Ставни крашены зелёной краской, которая давно уже пошла пузырями и кое-где облупилась, открывая белую, выбеленную солнцем древесину. Крыльцо скрипело тремя половицами — Лилия знала, на какую наступать, чтобы не разбудить дом в ранний час, а Мирон наступал на все подряд, потому что ему было всё равно.
У них не было конфликтов.
В том-то и дело. Не было ссор, битой посуды, хлопанья дверями — ничего из того, чем пугают кино про несчастливую любовь.
Было другое. Была тишина.
Не та, что бывает в лесу перед грозой, — напряжённая, живая. А та, что бывает в заброшенном колодце: глухая, сырая, из которой не вырваться.
Завтрак проходил молча.
Мирон сидел во главе стола — огромный, грузный, в замасленной майке, из-под которой выпирал твёрдый живот.
Он ел быстро, с хлюпаньем, не поднимая глаз. Его лица Лилия почти не видела — только макушку с ранней лысиной и толстые пальцы, крошащие хлеб в щи.
Когда-то эти пальцы гладили её по спине, сжимали в нетерпении, когда они бежали на сеновал. Теперь они держали ложку и изредка — руль комбайна.
— Соль дай, — говорил он. Не «подай», не «пожалуйста».
Просто «соль дай».
Она подавала.
Семён сидел напротив отца — лицом в тарелку, сонный, вихрастый, в старой футболке с вытянутым воротом.
Ложка ходила ходко, но без аппетита — так, чтобы отвязались. Он не смотрел ни на мать, ни на отца. Смотрел в окно, где за мокрым стеклом ползла муха, не находя выхода. Разговоры за едой не водились — никто не знал, что сказать, да и не хотелось. Всё нужное было сказано давно, всё ненужное — не сказано никогда.
— В поле сегодня? — спросил Лилия для порядка, хотя знала ответ.
— А куда ж я денусь, — буркнул Мирон, не поднимая глаз.
Семён доедал, отодвигал тарелку, вытирал рот рукавом и выходил из-за стола.
Босиком, в драных джинсах, худой, длинный, как жердь. У крыльца он натягивал кирзачи, брал пачку «Примы» — дешёвой, вонючей — и уходил.
К реке. К друзьям. Просто в никуда.
Лилия не спрашивала — всё равно не сказал бы.
*****
После завтрака Мирон надевал телогрейку — даже в июне, привычка — и выходил во двор.
Там он закуривал, глядя в небо: будет дождь или нет? У него была странная, крестьянская, ни на чём не основанная уверенность, что он понимает погоду. На самом деле он просто смотрел на облака и думал о своём. О чём — не говорил никогда. Может, о том, что поле ждёт. Может, о том, что когда-то он был другим.
Лилия оставалась у печи.
Мыла посуду — не спеша, тщательно, как делают женщины, которые знают, что торопиться некуда и не к кому.

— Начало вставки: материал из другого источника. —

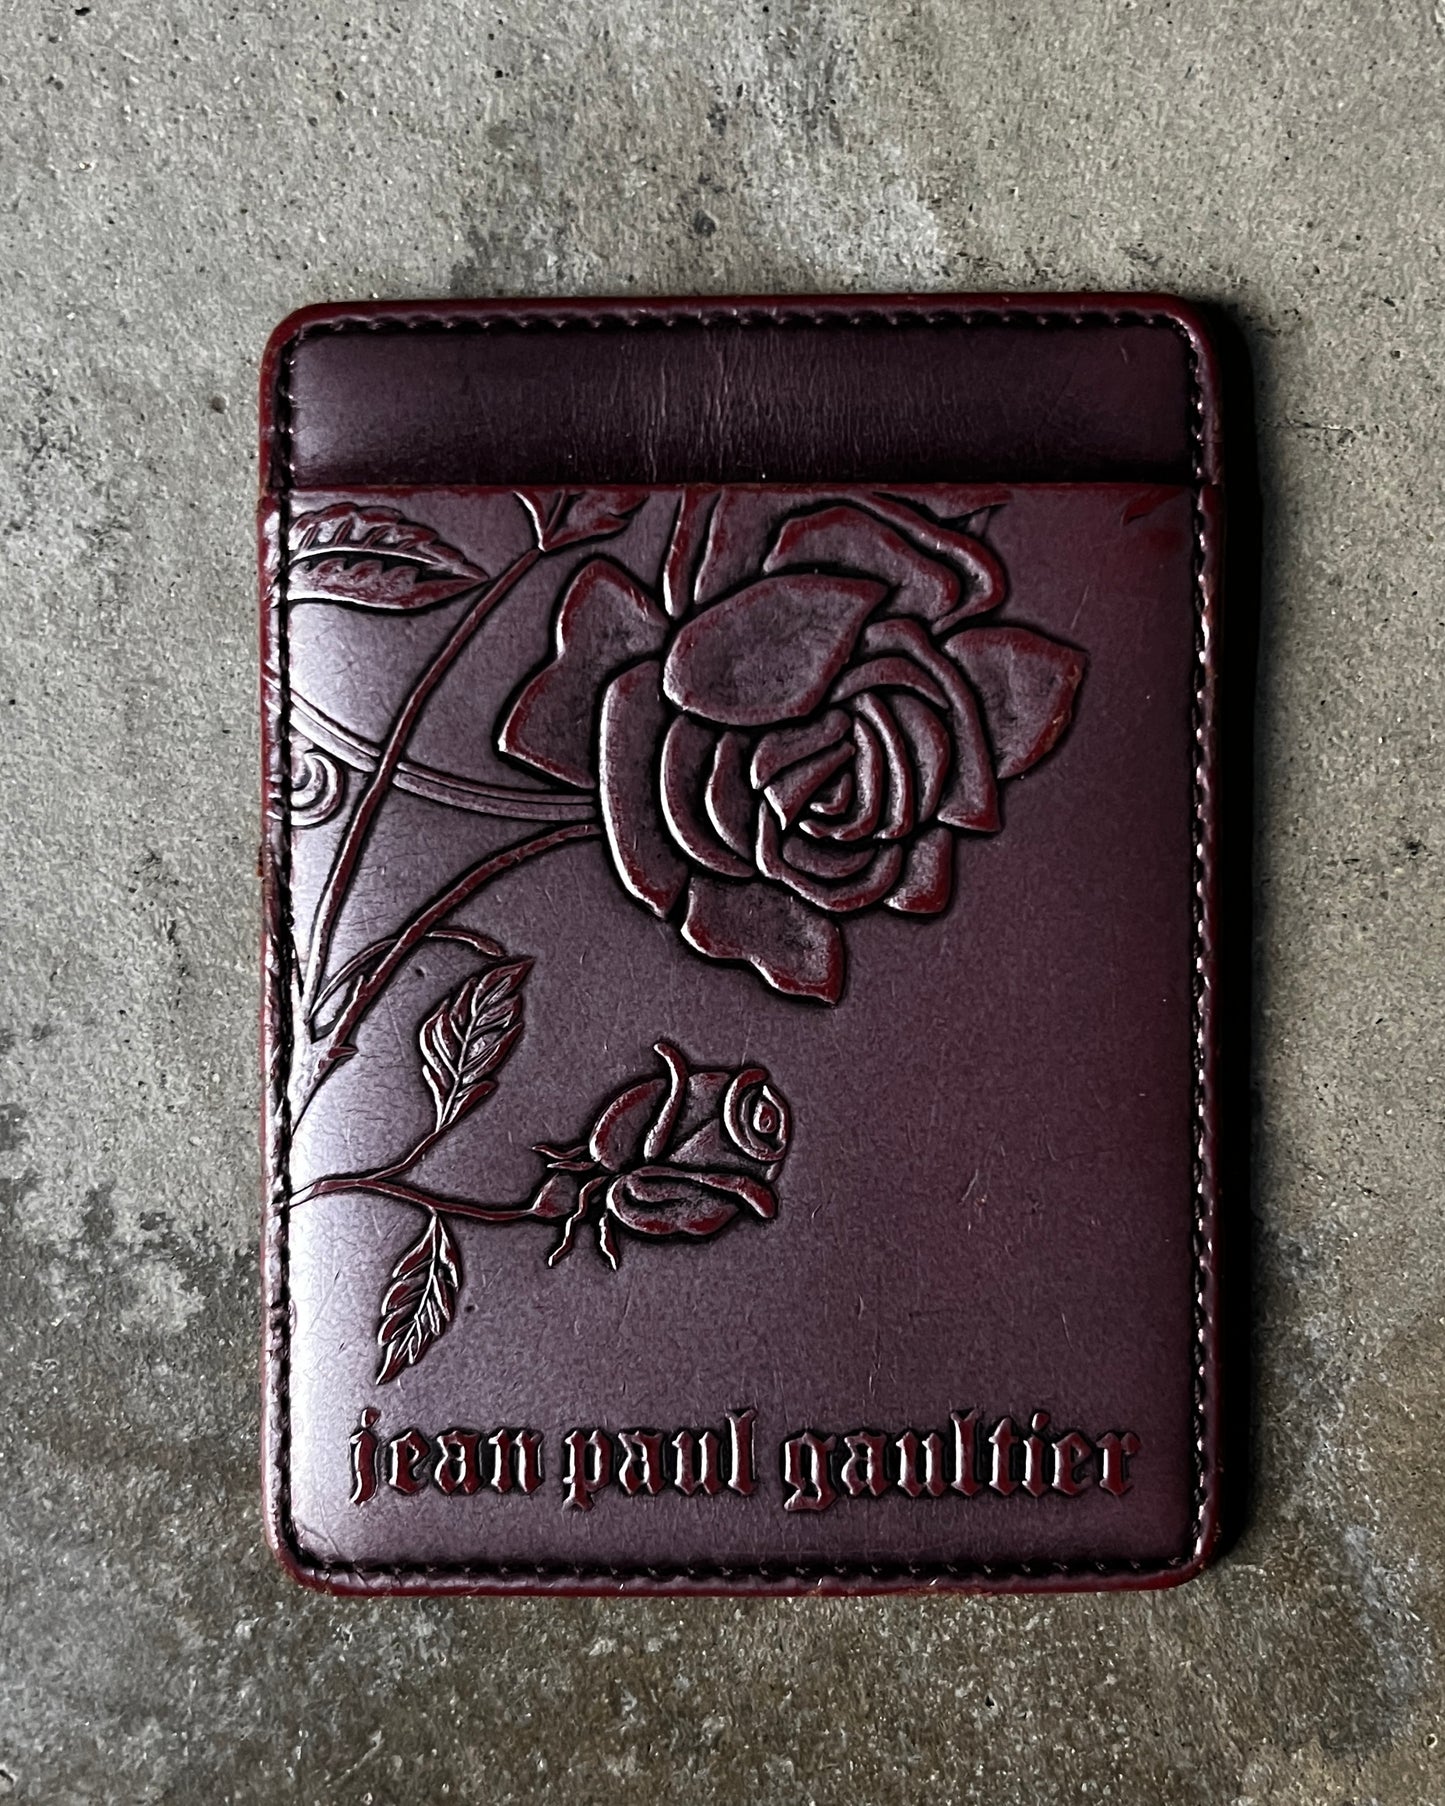 Jean Paul Gaultier Rose Wallet

Вода текла из колонки, пахло ржавчиной и холодом.
Она вытирала каждую чашку досуха, ставила в шкафчик, задвигала шторку. И так — изо дня в день. Тот же фарфоровый сервиз с голубыми цветочками, который ей подарили на свадьбу, те же трещинки на кружке Мирона (он пил только из неё, другой не признавал), тот же запах укропа и подгоревшего масла.

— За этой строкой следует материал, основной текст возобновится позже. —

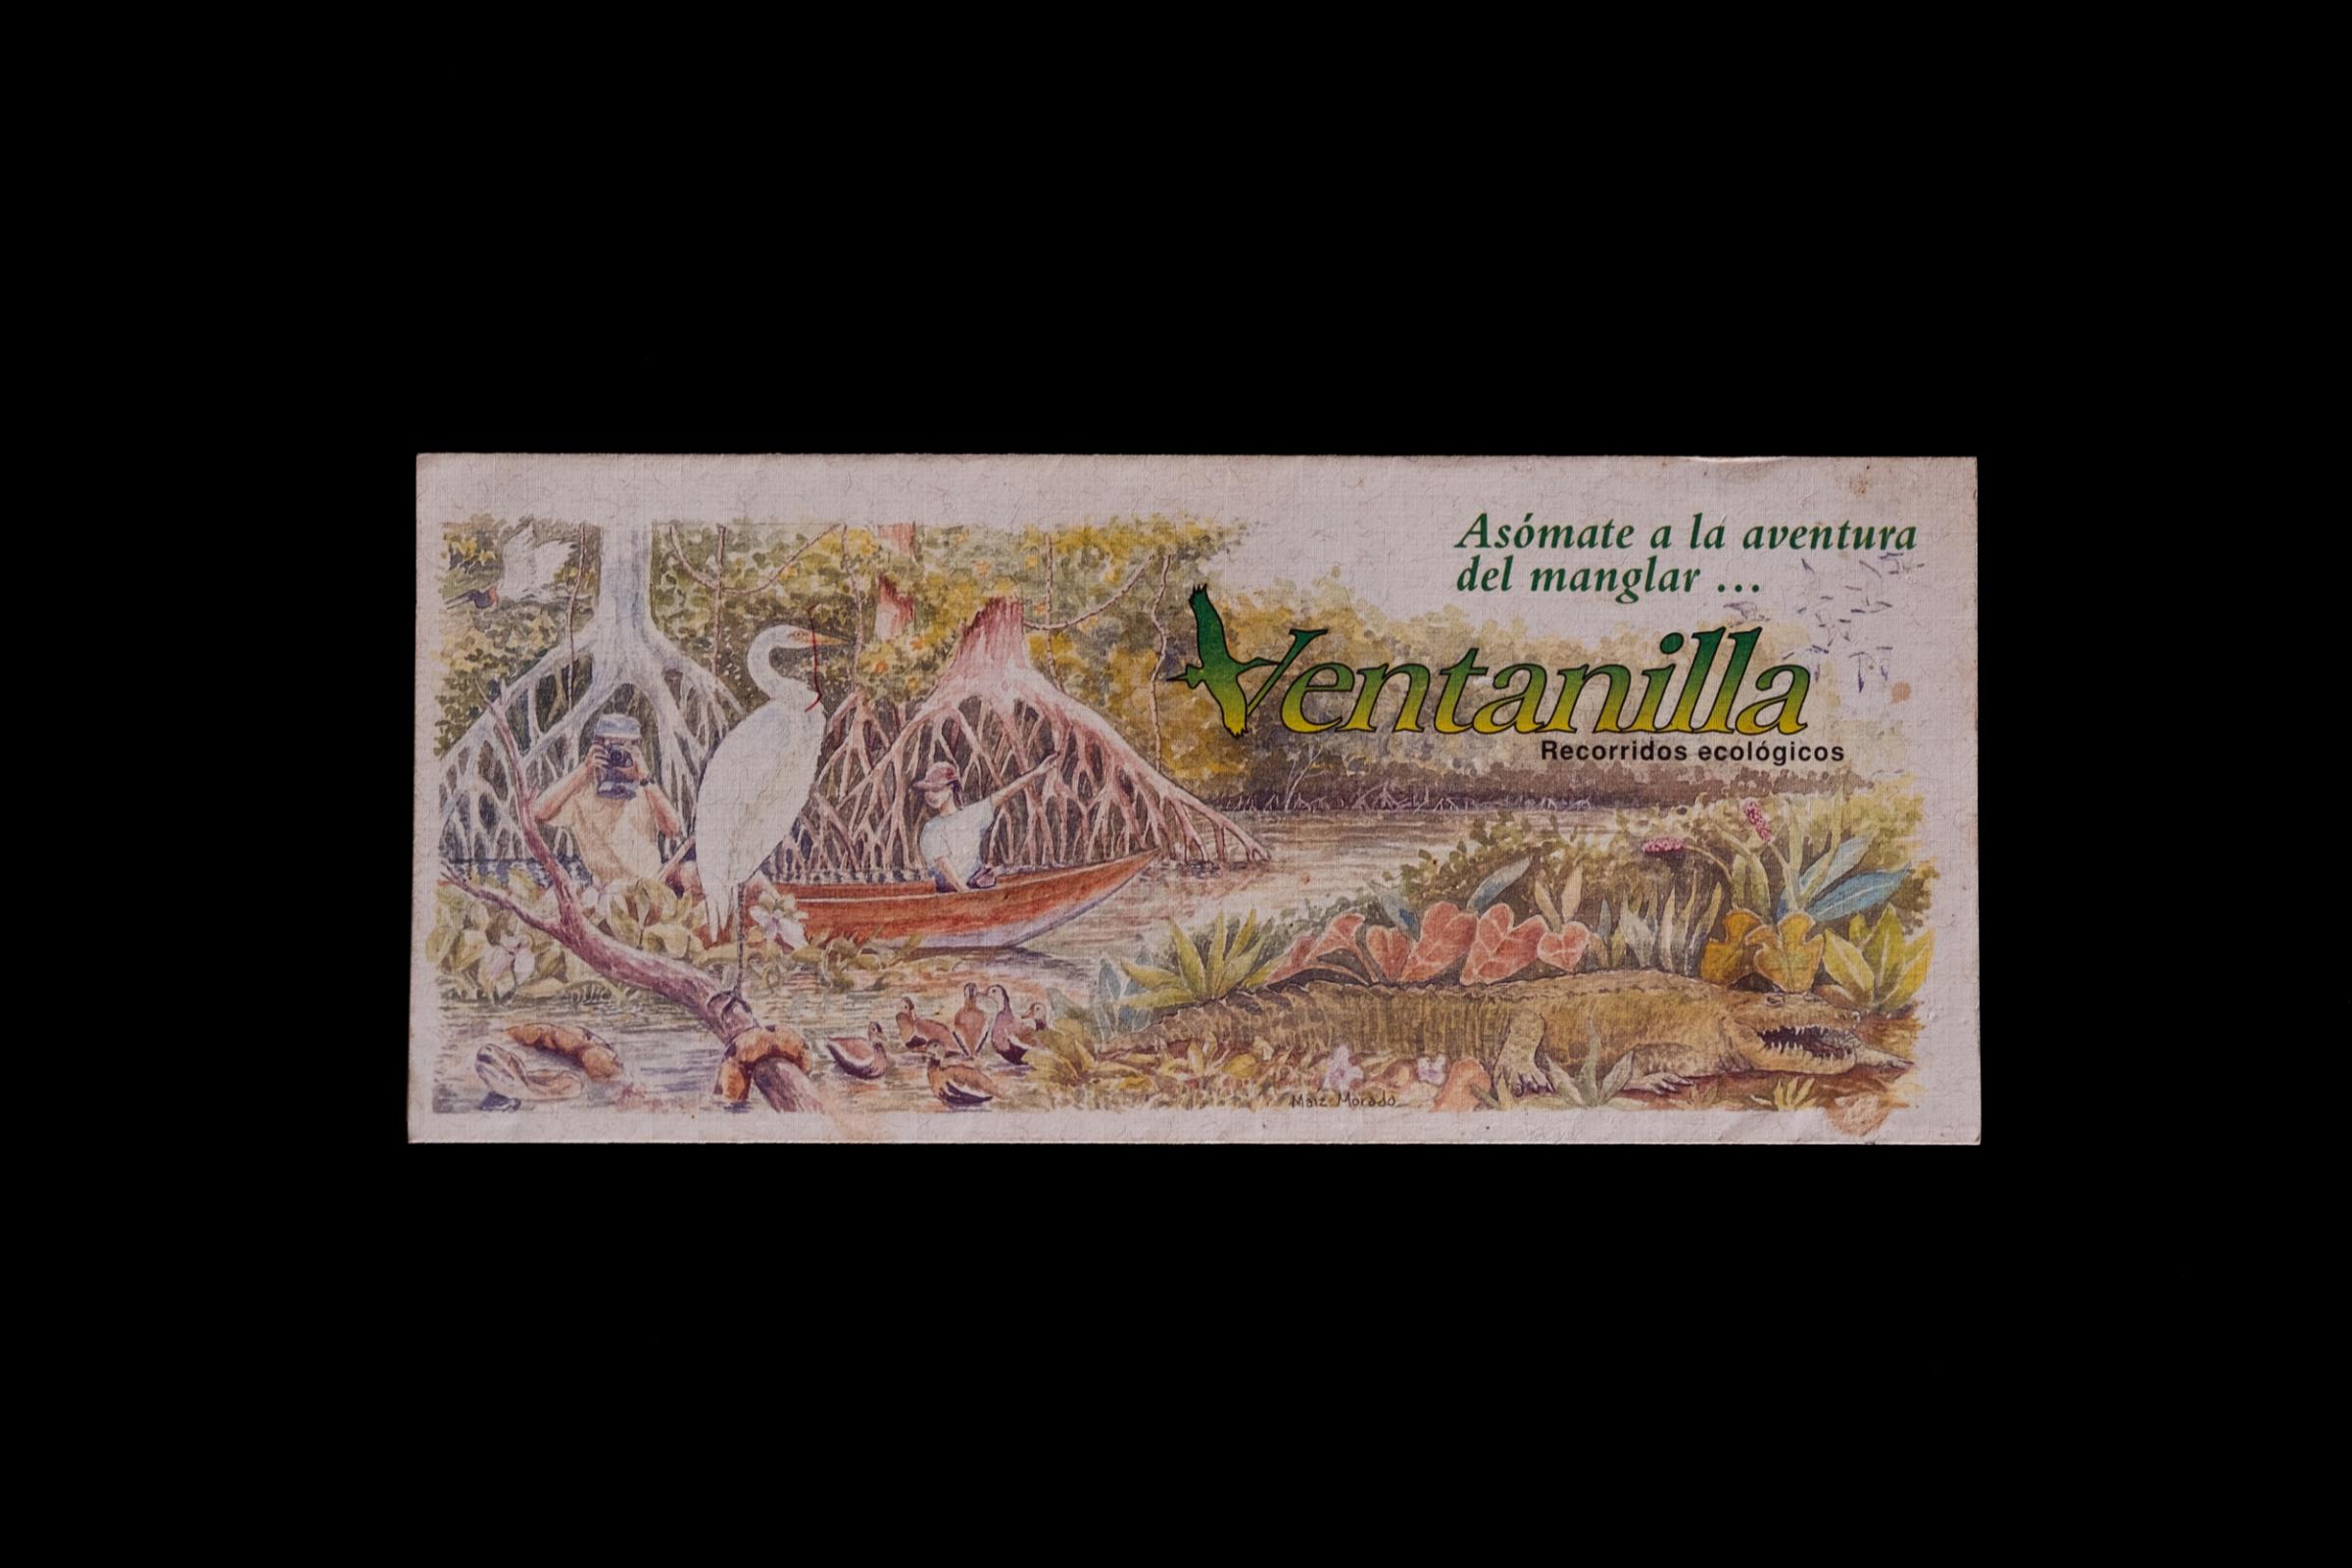 La Ventanilla: A window to coexisting with Crocodiles

Иногда, стоя так, у раковины, она ловила себя на мысли: а что было бы, если… И тут же обрывала.
Потому что если начинать думать о том, что было бы, можно с ума сойти. А сходить с ума в деревне некогда. Там корова не доена, там поросёнок ревёт, там в конторе отчёт.
Они редко говорили по душам.
Почти никогда. Мирон не умел.
Слова застревали в его толстой шее, как кости у собаки, и выходили либо командой, либо матом. Но однажды, давно, он пришёл с поля, сел на лавку, выпил пол-литра, а потом вдруг сказал:
— Лиль, а помнишь, как мы на покосе?
Она помнила. Они были молодые, он — в белой рубашке, каких потом никогда не носил, она — в лёгком платье, с косой до пояса.

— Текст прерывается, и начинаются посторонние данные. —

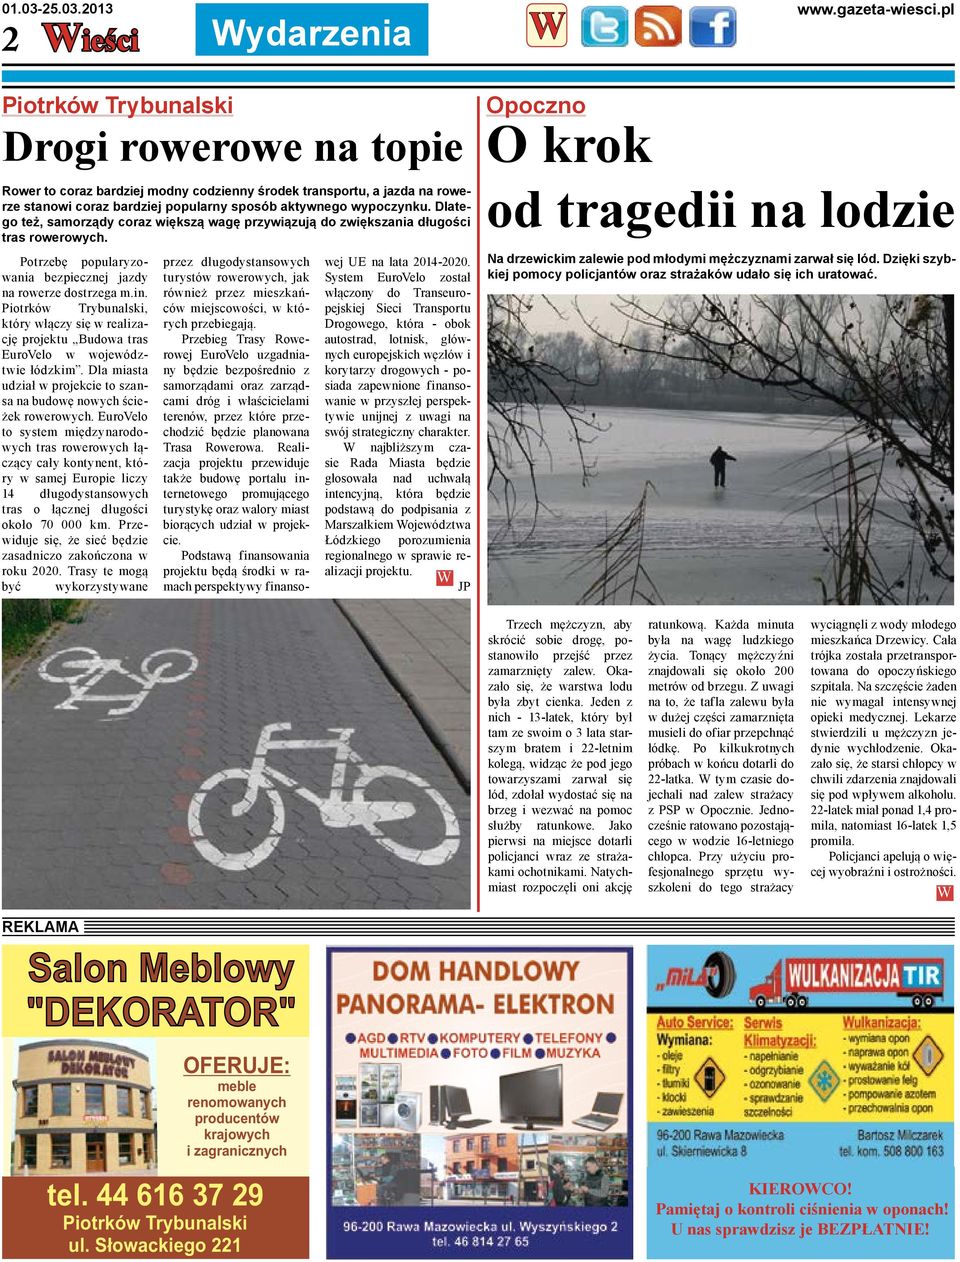 Piotrków Trybunalski, który włączy się w realizację projektu Budowa tras EuroVelo w województwie łódzkim. Dla miasta udział w projekcie to szansa na budowę nowych ścieżek rowerowych.

Июль. Сено пахло так, что кружилась голова. Он её догонял, она смеялась, падала в стог — специально, чтобы он упал рядом.
А он падал, тяжело, по-медвежьи, и молча прижимал к себе. И это молчание тогда было другим — полным, тёплым, как смола на сосне.
— Помню, — сказала она, не оборачиваясь.
— А теперь…
Он не договорил. Не нашёл слов. Или нашёл, но не те.
Вместо этого крякнул, почесал затылок и ушёл в гараж разбирать двигатель. А она осталась стоять у окна, глядя, как закат догорает за лесом — багряный, щедрый, как та молодость, которую они оба куда-то дели и теперь не могли найти.
Больше он никогда не вспоминал. И она перестала ждать.
****
Днём, когда Мирон уезжал в поле, а Семён пропадал у друзей или на речке, дом затихал окончательно.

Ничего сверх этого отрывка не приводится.